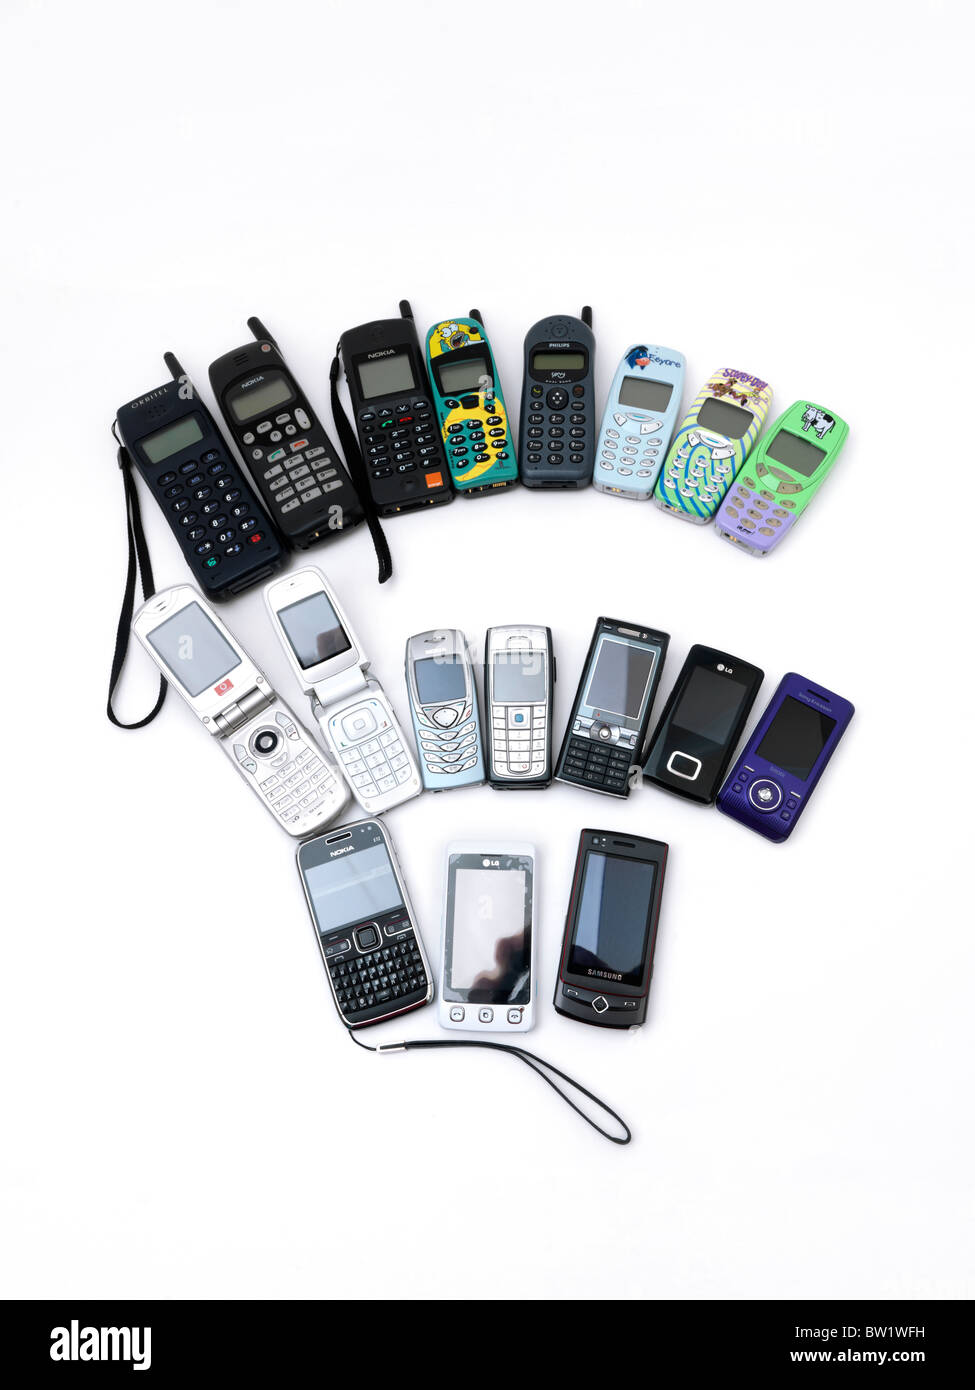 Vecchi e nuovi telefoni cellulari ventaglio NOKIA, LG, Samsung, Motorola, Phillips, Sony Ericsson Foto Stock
┄┄┄┄┄┄┄┄┄┄
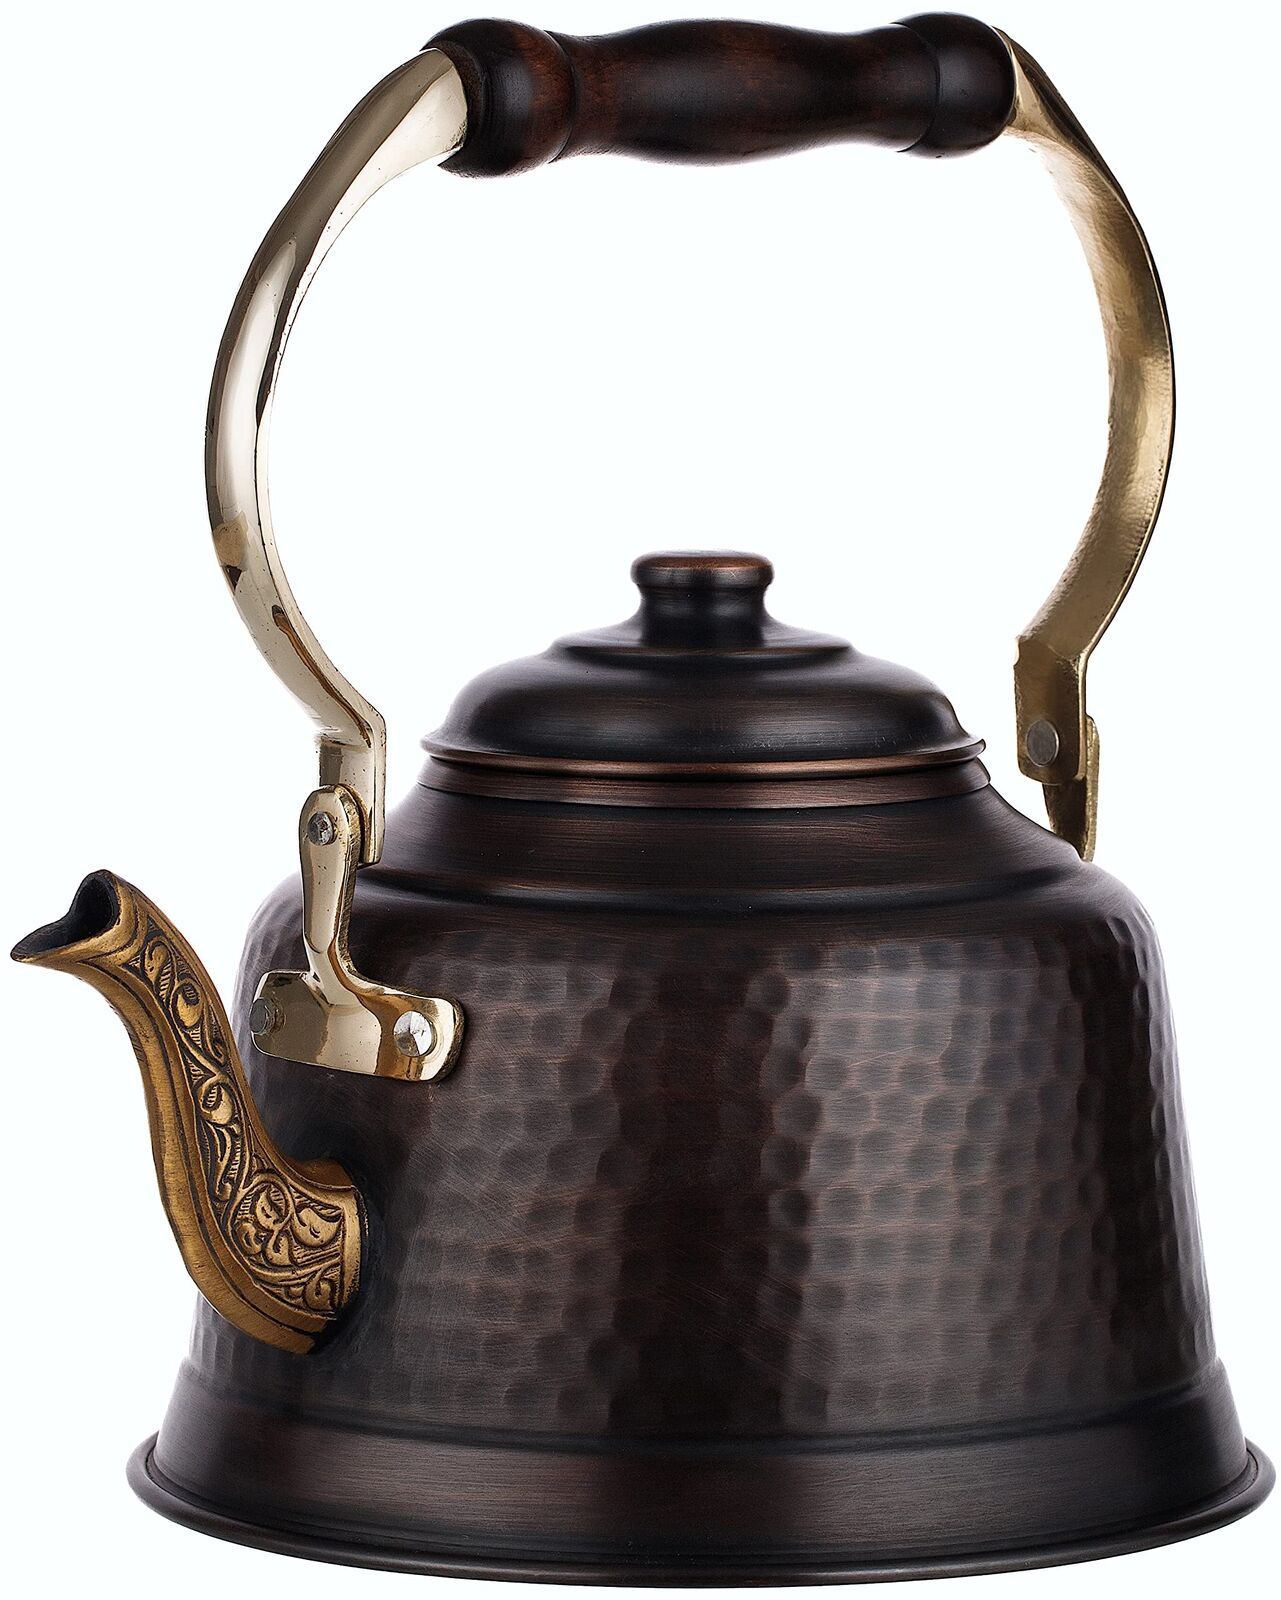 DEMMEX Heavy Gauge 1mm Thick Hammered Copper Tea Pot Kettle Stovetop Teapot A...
┄┄┄┄┄┄┄┄┄┄
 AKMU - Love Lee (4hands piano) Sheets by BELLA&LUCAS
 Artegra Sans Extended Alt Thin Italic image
┄┄┄┄┄┄┄┄┄┄
After locating the line with "AKMU - Love" above, return that line and every later line through the one with "Artegra Sans Extended Alt Thin Italic image", word for word and with nothing else.

Task result =
 AKMU - Love Lee (4hands piano) Sheets by BELLA&LUCAS
 Artegra Sans Extended Alt Thin Italic image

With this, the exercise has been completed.